Sepsis is one of the most common causes of morbidity and mortality, especially in elderly, immunocompromised and severely ill patients.

Complications and treatment

See also: Medicines for the treatment of sepsis

As we have seen, sepsis can pass through three stages of increasing gravity; the higher this level is, the greater is the impairment of blood supply to vital organs, such as the brain and kidneys; necrotic phenomena (gangrene) are therefore more frequent, especially of the body extremities, and organ insufficiencies. Most individuals subject to moderate septic episodes recover from the event; not by chance the average mortality rate is 15%, while it rises to 30-35% in severe septic episodes, up to over 50% in septic shock.

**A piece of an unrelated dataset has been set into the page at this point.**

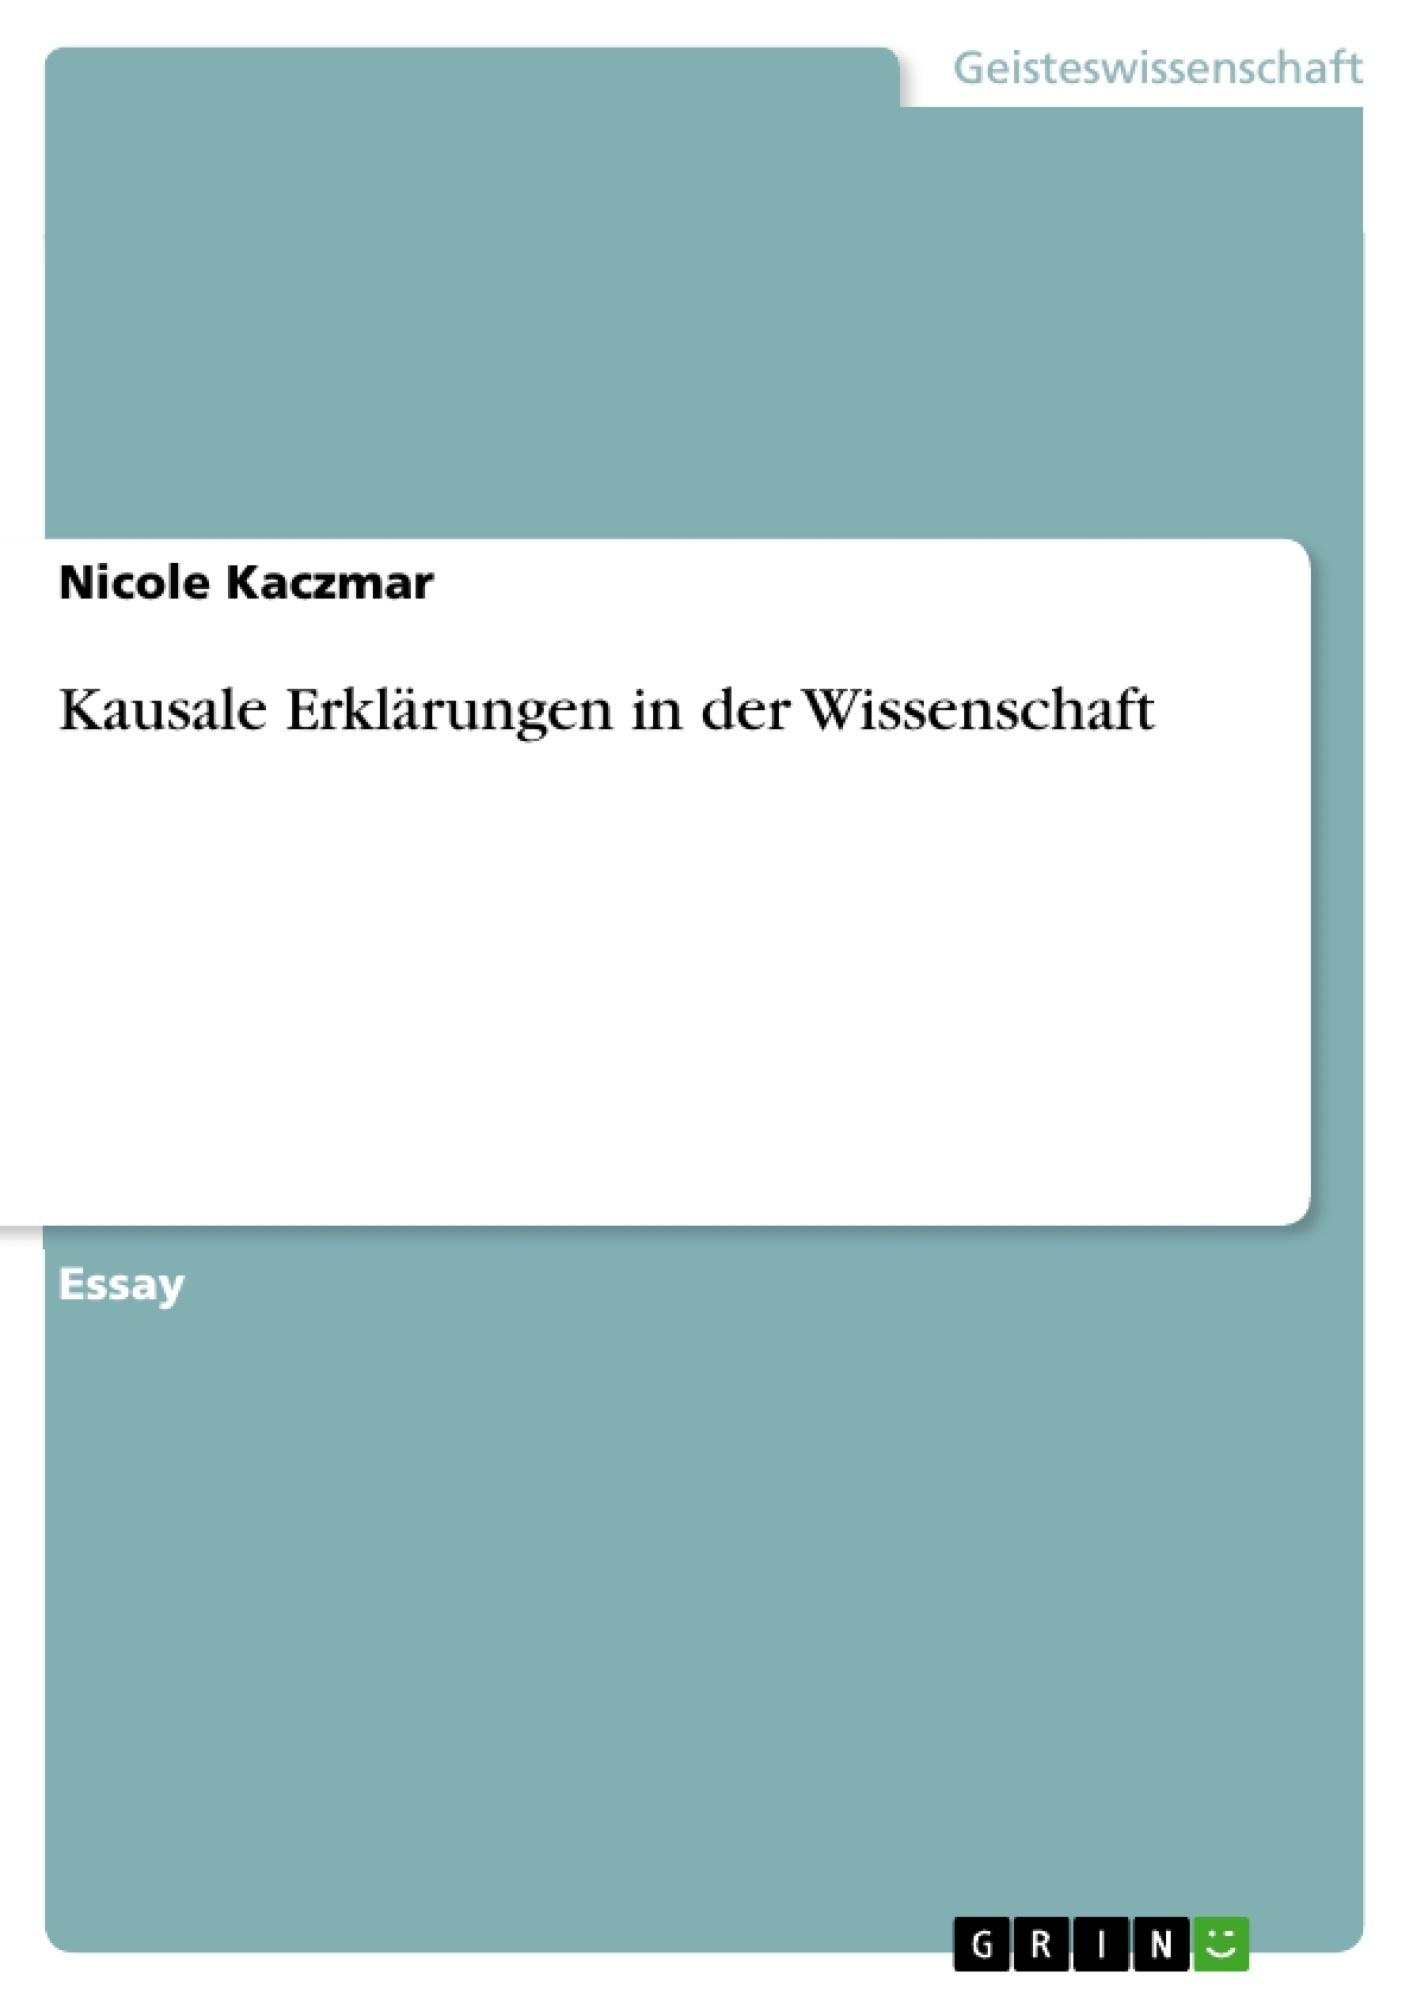 Titel: Kausale Erklärungen in der Wissenschaft
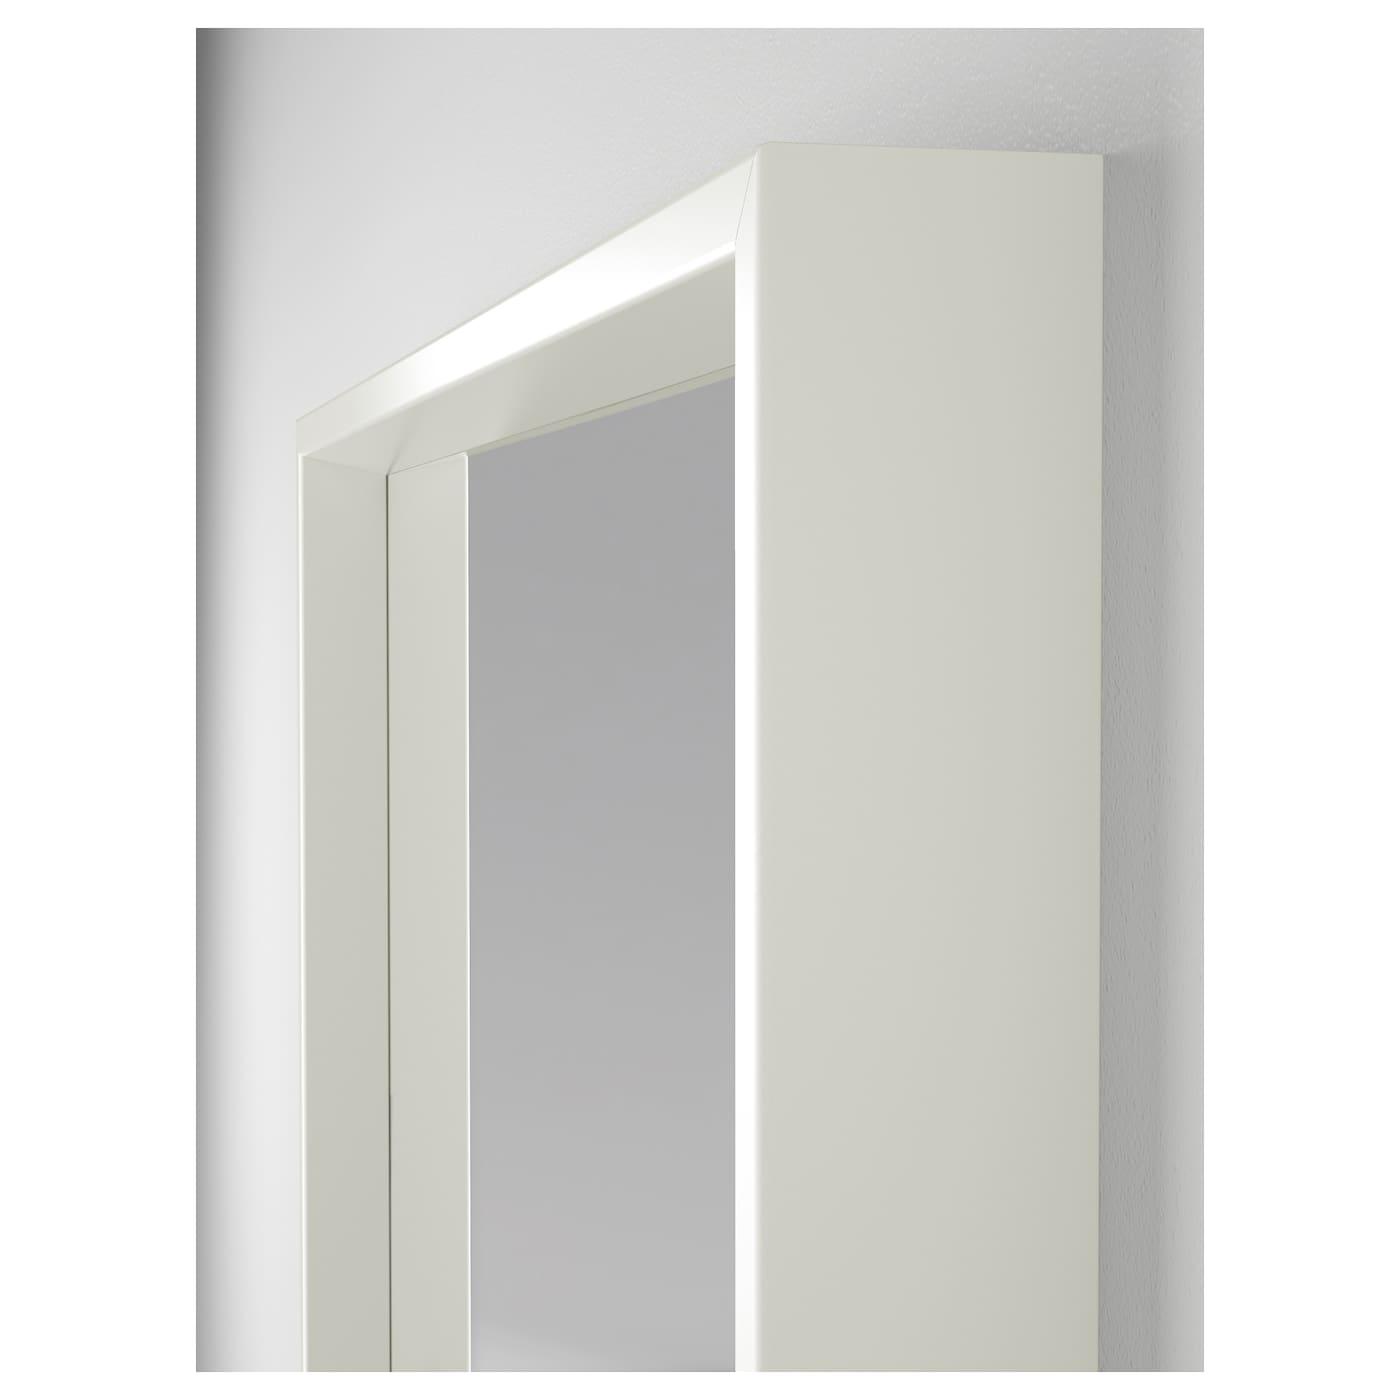 Nissedal spiegel wit 65x65 cm ikea for Spiegel ikea

In Italy, sepsis has an average incidence of 1.5 cases per thousand inhabitants.

Early and aggressive treatment considerably increases the chances of survival. In this regard - without prejudice to the need for hospitalization in intensive care in the most severe cases - antibiotics, fluids and blood products can be administered (infusion of liquids in the blood for hemodynamic support, in order to increase the volume and blood pressure), vasopressor drugs (which due to vasoconstriction raise blood pressure), insulin, sedatives or painkillers, and immune system modulators. In patients with severe sepsis oxygen therapy (intubation, artificial lung) or dialysis may be necessary (to compensate for reduced renal function in blood purification).